Cuando regresé de Mozambique, tras la experiencia de voluntariado del primer año, la gente solía preguntarme muchas cosas, pero una de las preguntas más frecuentes era sobre las estaciones del año. Mi respuesta solía ser “de libro”, en base a lo que había leído: época seca y época de lluvias. El segundo año traté de investigar sobre el tema, para satisfacer la curiosidad de mis amigos y familiares, pero las respuestas que me daban por aquí no eran muy esclarecedoras. Ahora, cuando pasan más de cinco meses desde que regresé a Chiúre, os puedo decir que viví el tiempo de la naranja, el tiempo de la papaia, el tiempo de las mangas y, ahora, estamos a punto de comenzar el tiempo del maíz. A la vez, os puedo decir que yo, personalmente, vivo en un tiempo de constantes descubrimientos.
Otras veces son algo más pequeños: el sentido de algunas palabras en macua (la lengua local), una flor de madera que parecía tallada por un carpintero y resulta ser el fruto de un árbol típico de la ciudad de Nampula, los colores de las mariposas, las acacias (árbol símbolo nacional) que no dejan de dar flores de un rojo intenso...Esa capacidad de sorpresa ante las más pequeñas cosas, se la debo a una de las hermanas de la comunidad que me acoge. Bueno, la aprendí de niña, pero la olvidé, con ella la recuperé y también por ellas (por la capacidad e sorprenderme y por haber pasado tiempo cerquita de Irmá Cándida) también doy gracias.

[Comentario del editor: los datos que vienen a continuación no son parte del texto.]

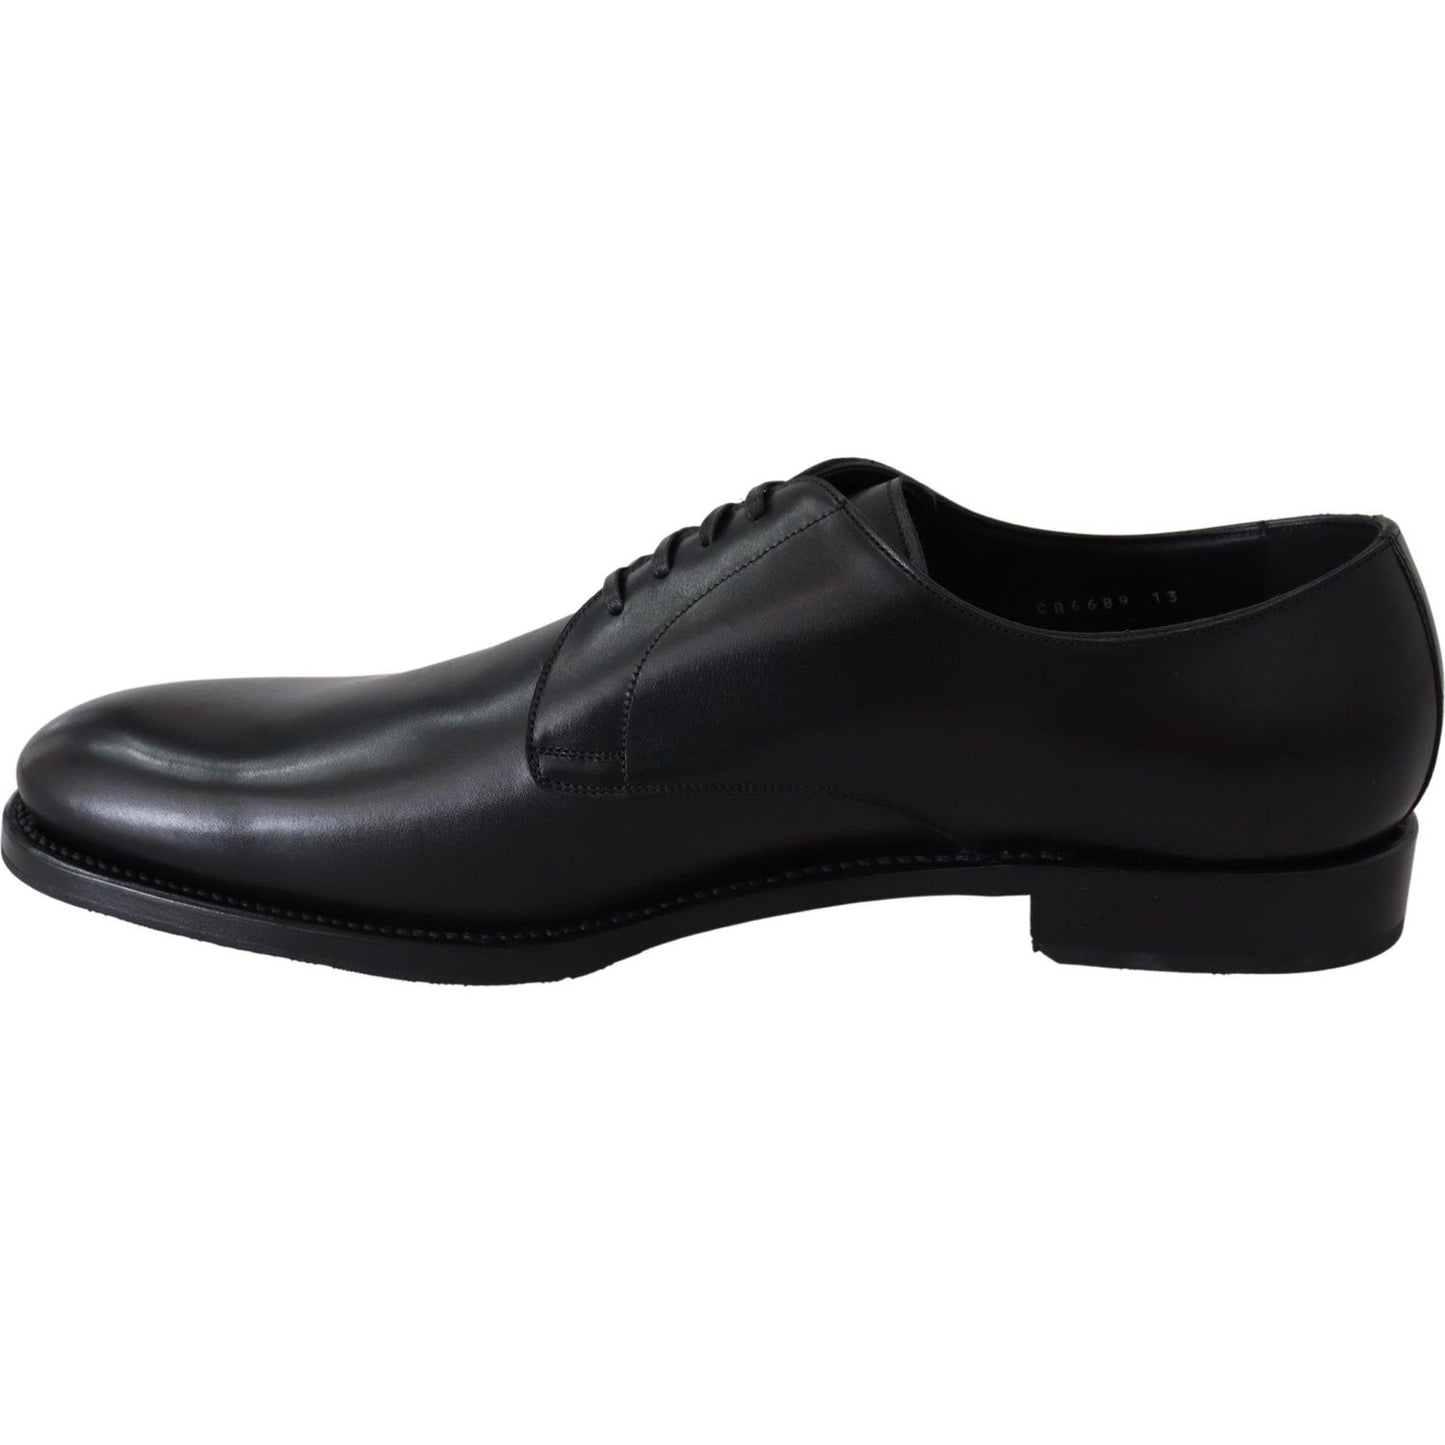 Dolce & Gabbana Elegant Black Leather Derby Dress Shoes Dress Shoes black-leather-sartoria-hand-made-shoes

Pero, además de los grandes y los pequeños, también están los “redescubrimientos”, es decir, cosas que ya consideraba importantes y que aprendí a ver con otros ojos. Es el caso de la lluvia, a la que aprendí a contemplar como una fiesta. Y es que, este año, todos miraban al cielo con impaciencia:la lluvia se retrasaba. Como os contaba, la mayoría de la población subsiste gracias a lo que cultiva y la ausencia de agua es sinónimo de tiempo de hambre. También traían esos malos augurios los mangos (llamados “mangas” aquí), que este año fueron muy abundantes. Cuentan que, cuando es así, cuando hay muchos mangos, es para aliviar el hambre que ha de venir.
Se hizo esperar, regó todos los pueblos vecinos (llegando incluso a causar estragos por su fuerza) ignorando nuestro Chiúre, pero por fin llegó. Fue un domingo. Me habían invitado a pasar la tarde en una casa de un barrio un poco distante cuando comenzó. Primero, tímidamente, después con muchísima fuerza. Lejos aún de mi destino, aunque ya en el corazón del barrio, decidí refugiarme en la entrada de otra casa. Y allí fue cuando comenzó la fiesta: por todas partes aparecían niños y niñas, casi desnudos, corriendo para buscar las improvisadas duchas que se creaban en los tejados que recogían el agua, donde tomar baño y jugar un rato; mujeres ataviadas con sus capulanas, cargadas de todo tipo de recipientes en los que guardar ese tesoro que el cielo regalaba; familias enteras, desafiando el frío para dejarse bendecir por el agua y, por encima de todo, la alegría en los rostros de todos ellos. Lo más bonito de todo? Compartir esa alegría, vivirla como mía también, reír, cómplice con ellos y dejar que también el agua me regara.
Os dejo por ahora, con el deseo de que, estéis donde estéis encontréis siempre motivos por los que asombraros del mundo y dar gracias por la belleza de la vida. También con la promesa de volver a escribir y contaros las mejores sorpresas que son aquellas que me brindan las personas, que al fin y al cabo, son el motor de mi vida por aquí. Un abrazo enorme desde este pueblo de Mozambique llamado Chiúre.